Submission to Bursa Malaysia – INED Rule Amendments

On 2 September 2021, ACGA sent a letter to the Bursa Malaysia Securities Berhad in response to its consultation paper on the “Proposed Amendments to Listing Requirements in relation to Director Appointment and Independence”.

We commented on below questions in our letter.

Question 1: Do you agree that the computation of 12 years should take into account the service as an ID in the related corporations of applicant/listed issuer?

Question 2: Do you agree that a cooling off period of 3 years is appropriate for a long-serving ID before such person can be re-appointed as an ID? If not, what is your recommended cooling-off period?

Question 3: Do you agree that a grace period of 12 months is sufficient for a listed issuer to comply with the proposed enhancements as set out in paragraph 10 of this Consultation Paper? If not, what is your recommended grace period?

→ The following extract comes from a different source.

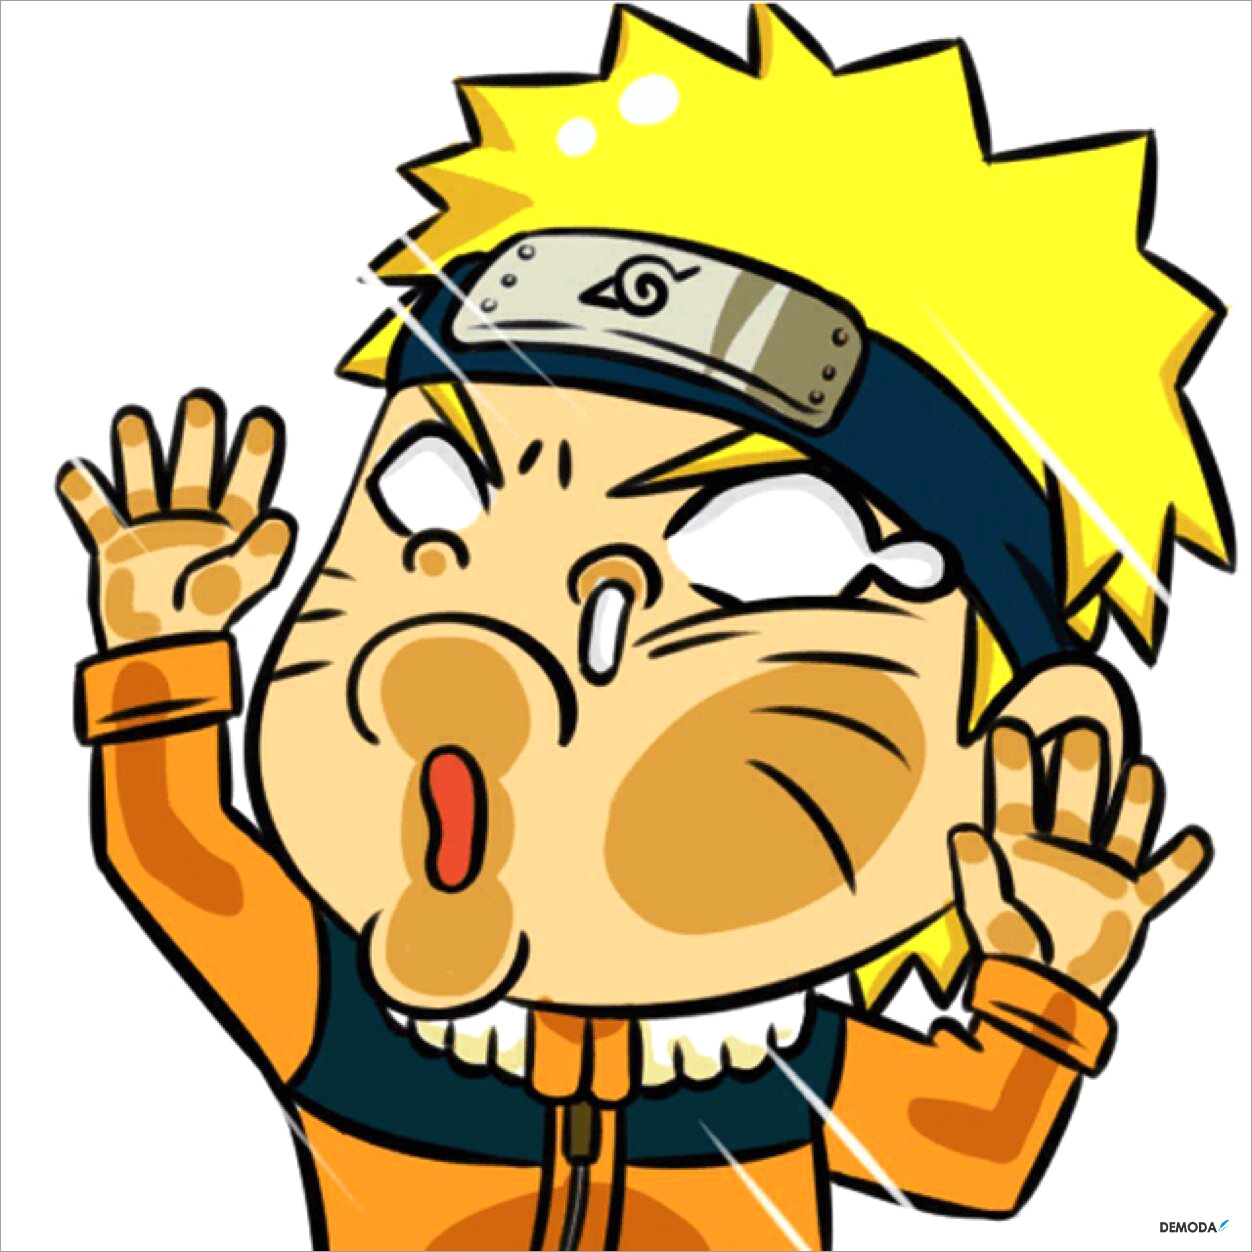 Naruto chế hài hước: Hãy xem những bức ảnh độc đáo và vô cùng hài hước về nhân vật Naruto chế. Bạn sẽ bật cười thích thú với những trò đùa dí dỏm và những màn biến hóa đầy sáng tạo của các fan hâm mộ.

Question 4: Do you agree with the proposal in paragraph 19 of this Consultation Paper which requires a listed issuer to do the following:
a) Put in place a fit and proper policy for the appointment and re-appointment of directors of the listed issuer and its subsidiaries;
b) Ensure the policy addresses board quality and integrity;
c) Make available the policy on its website; and
d) Disclose the application of the fit and proper policy in the NC Statement?

Question 5: Do you agree that a listed issuer should be given the flexibility to formulate the fit and proper policy, guided by the proposed aspects in paragraph 21 of this Consultation Paper which will be set out in the CG Guide?

Question 6: Do you agree with the proposed aspects of fit and properness of directors in paragraph 21 of this Consultation Paper which will be set out in the CG Guide? Do you have any other recommended aspects for fit and properness of directors?